▶ _EXERCISE REQUIREMENTS_
Please return each entry that follows exactly as written, and keep the pictures out.

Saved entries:
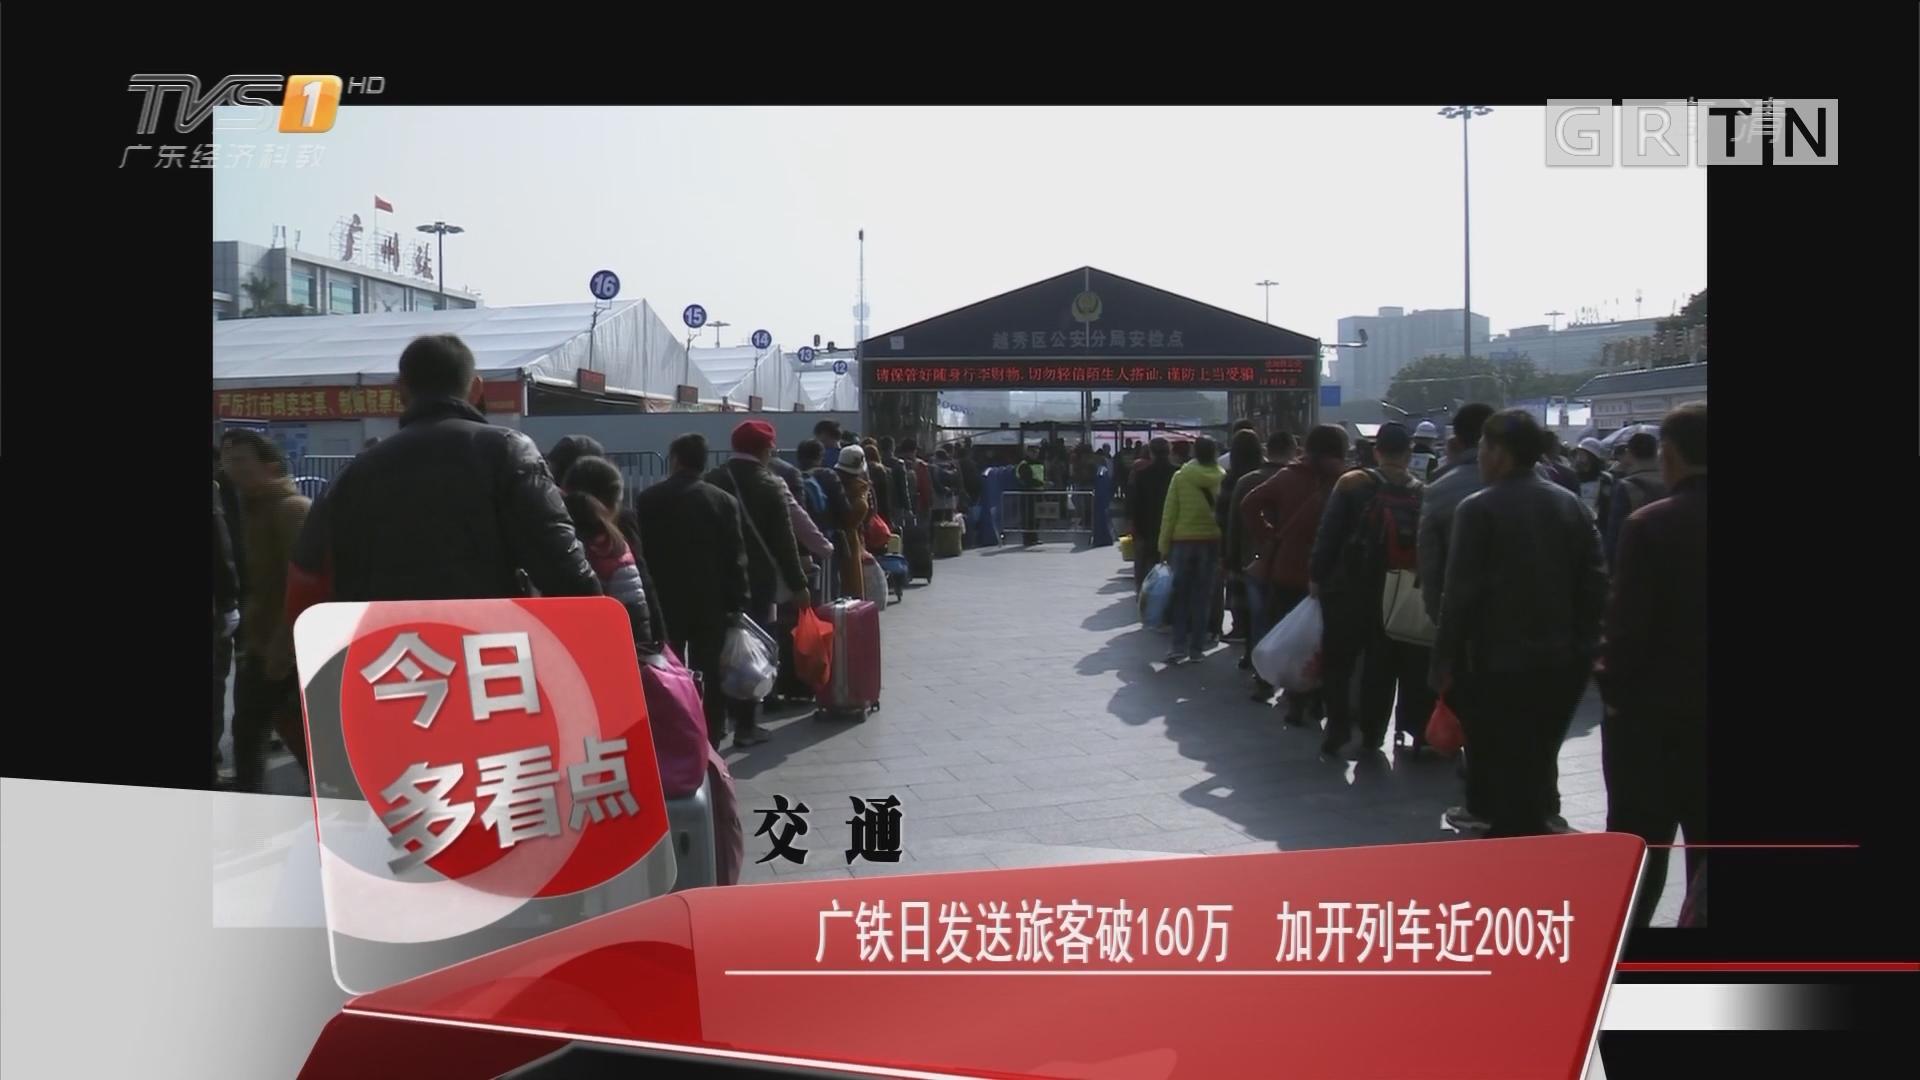 交通:广铁日发送旅客破160万 加开列车近200对
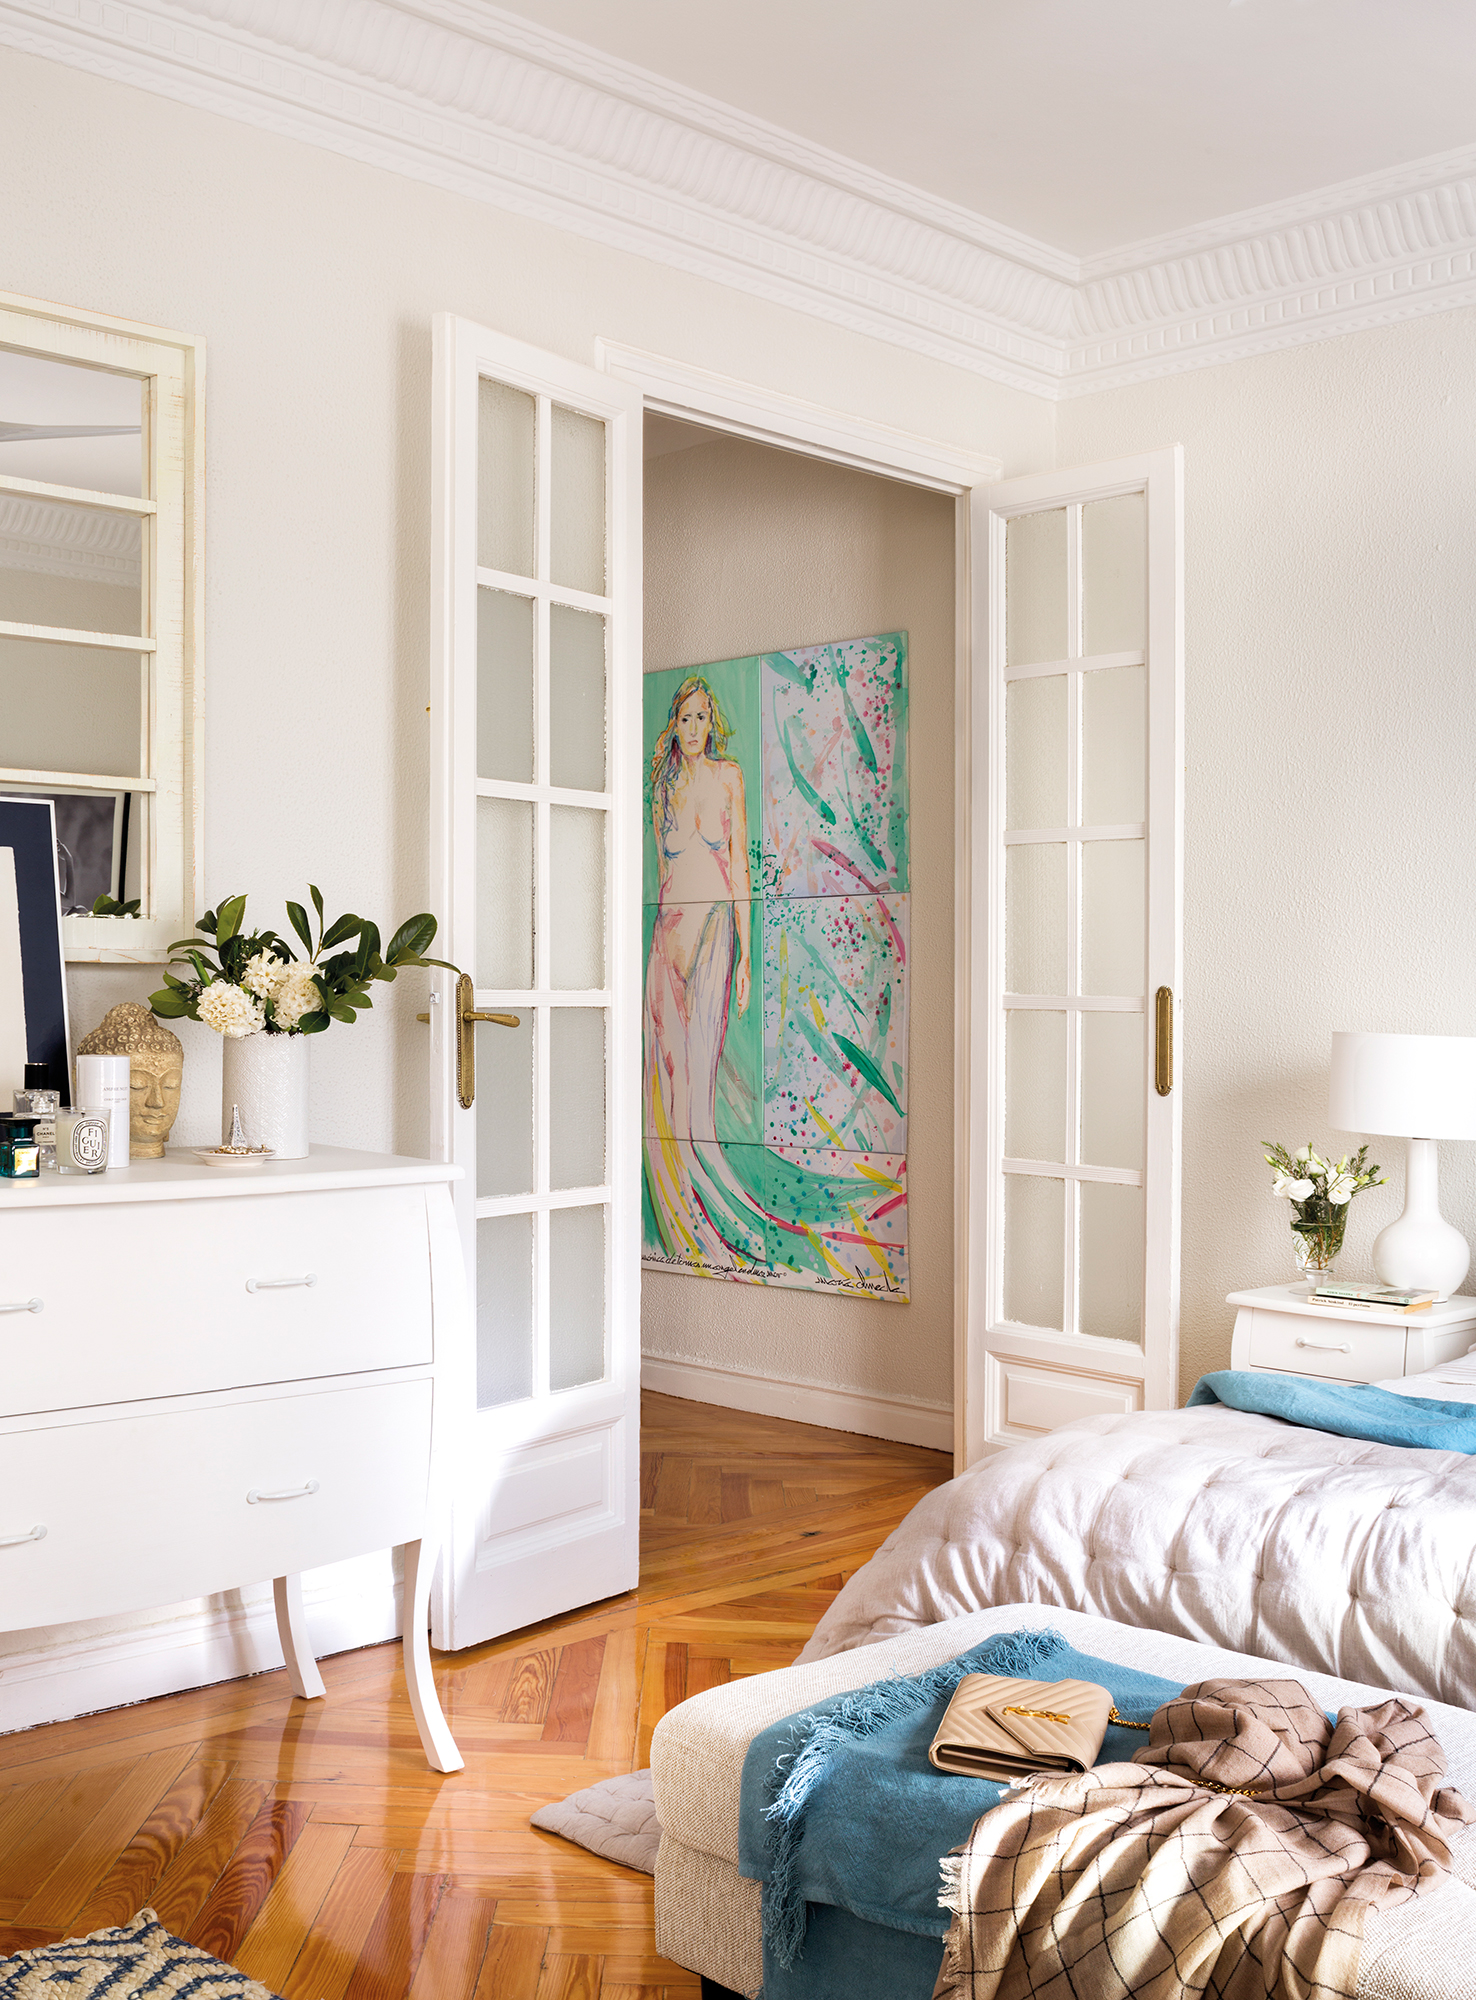 C Modas Para Dormitorio ~ Adornos Para Comodas De Dormitorio
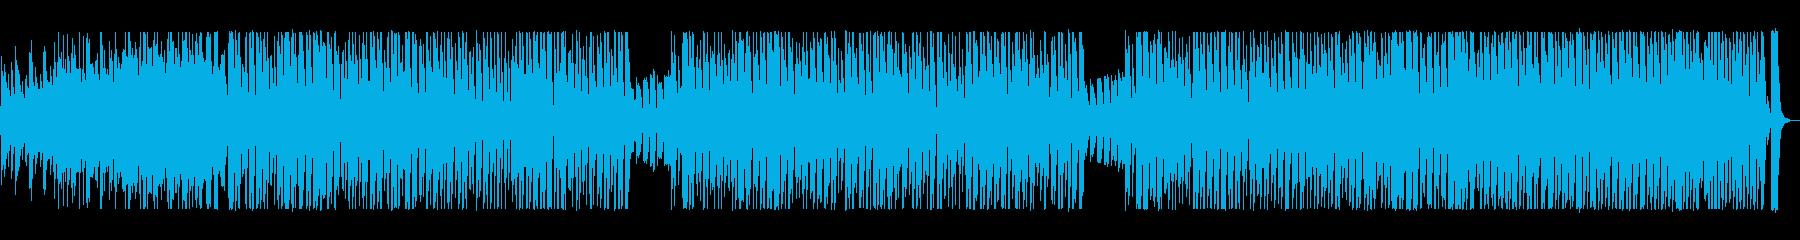 アコーディオンが軽快なポップ曲の再生済みの波形
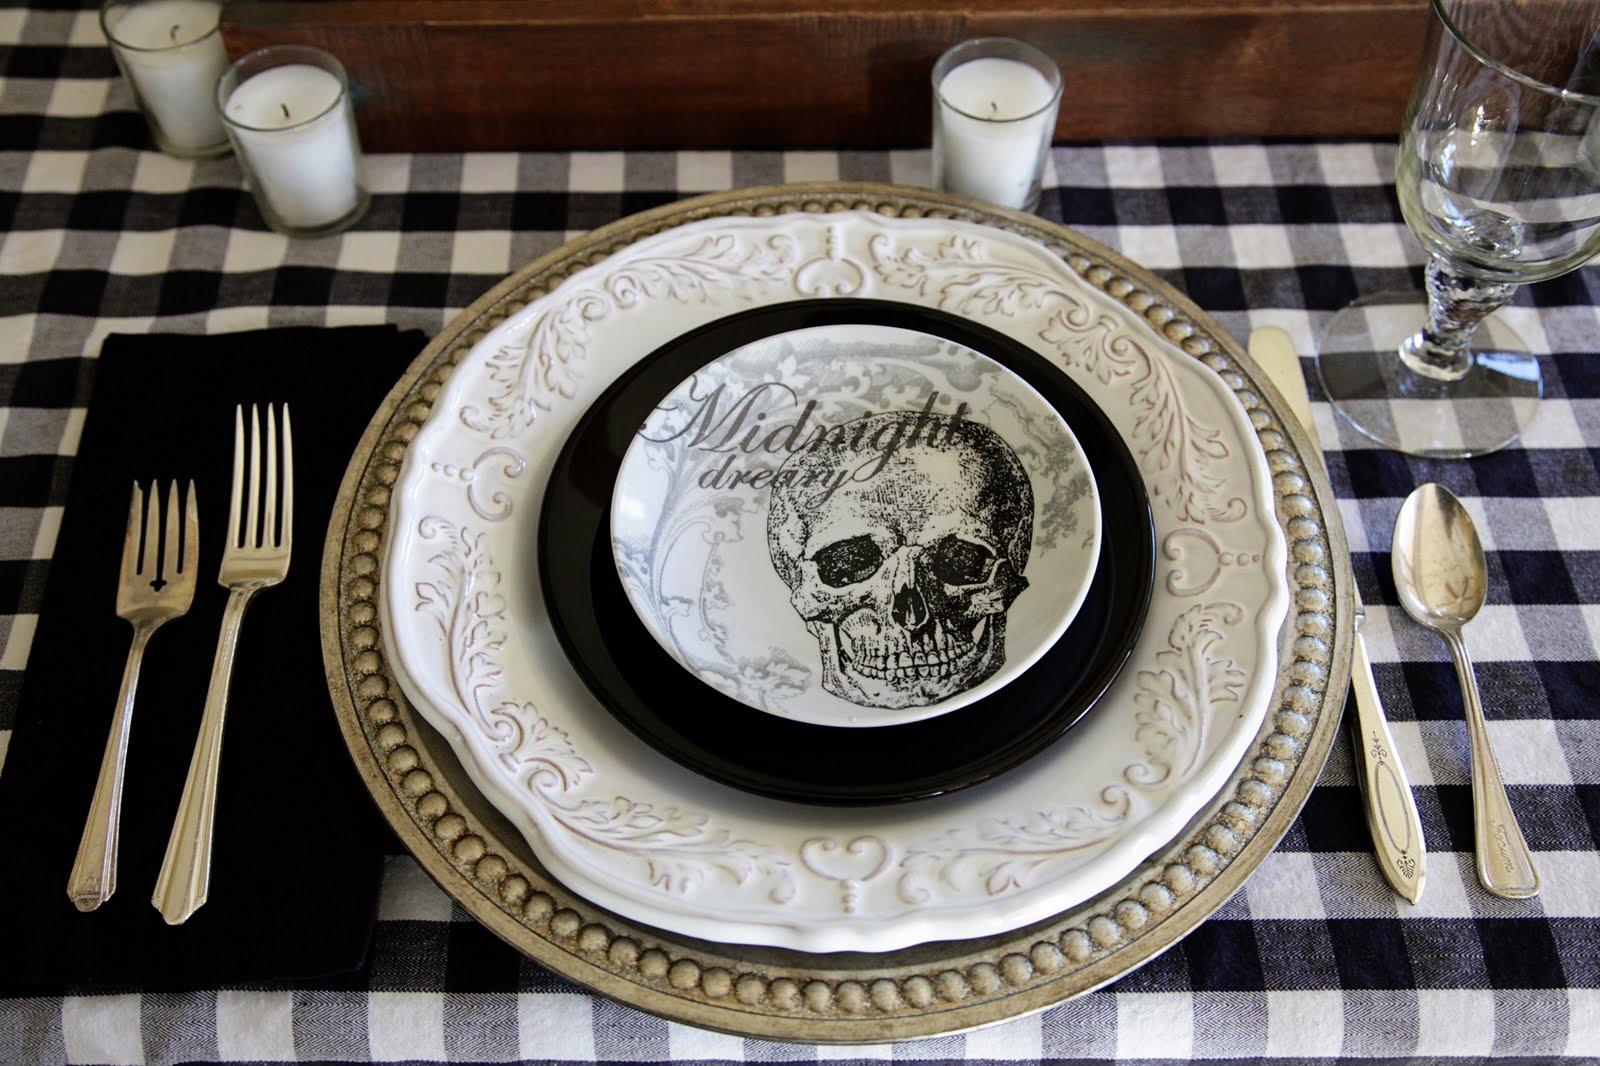 IMG_5221rb.jpg & among the saguaros: a spooky table for Halloween...
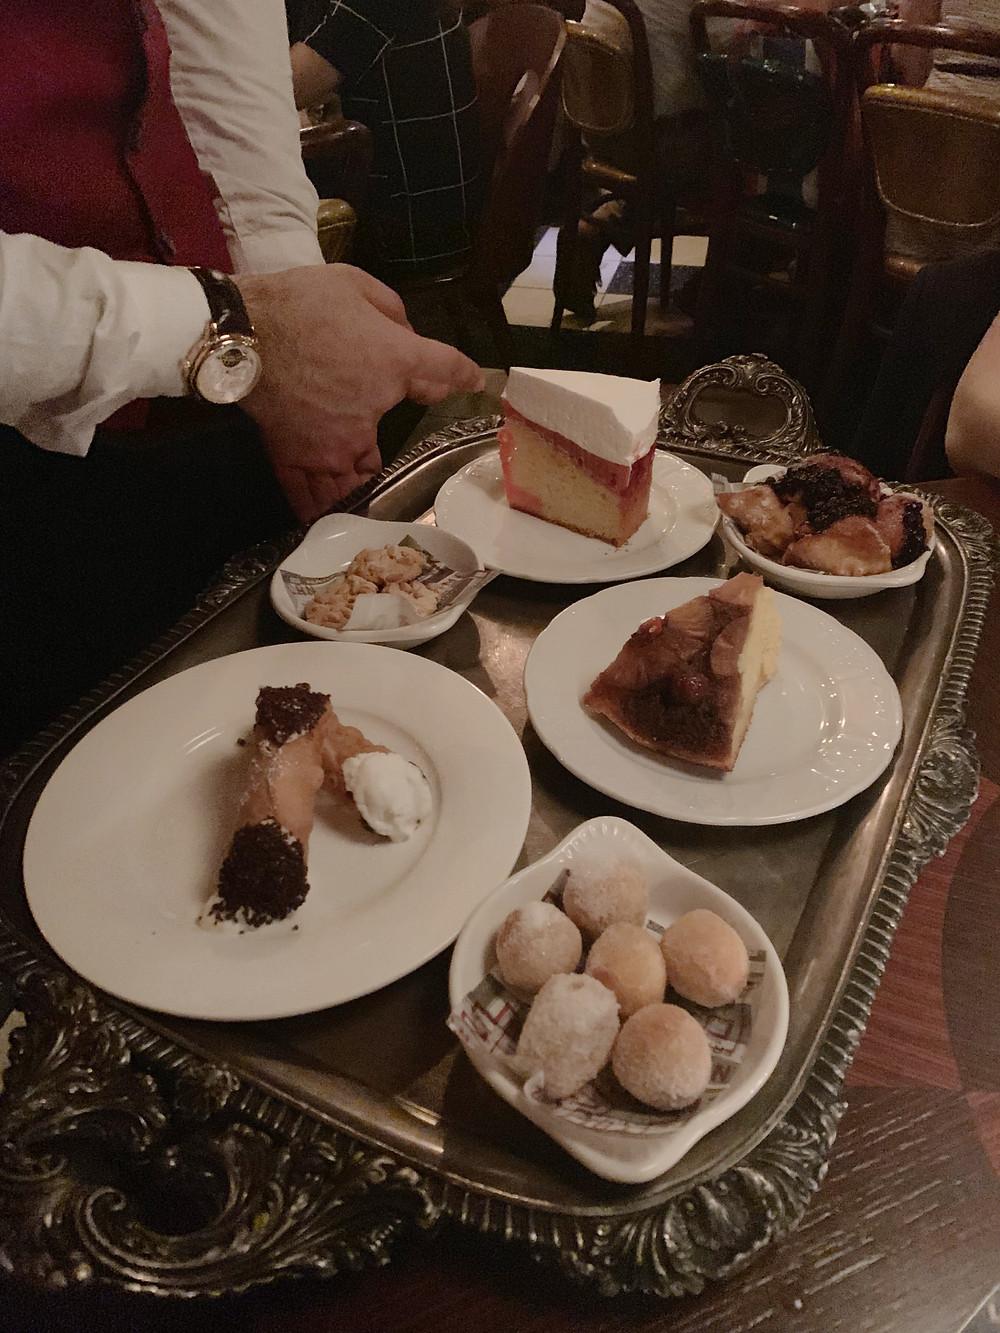 Dessert at Franks Italian restaurant in Hong Kong

▶ _TASK OUTPUT_
 交通:广铁日发送旅客破160万 加开列车近200对
 C Modas Para Dormitorio ~ Adornos Para Comodas De Dormitorio
 アコーディオンが軽快なポップ曲の再生済みの波形
 IMG_5221rb.jpg & among the saguaros: a spooky table for Halloween...
 Dessert at Franks Italian restaurant in Hong Kong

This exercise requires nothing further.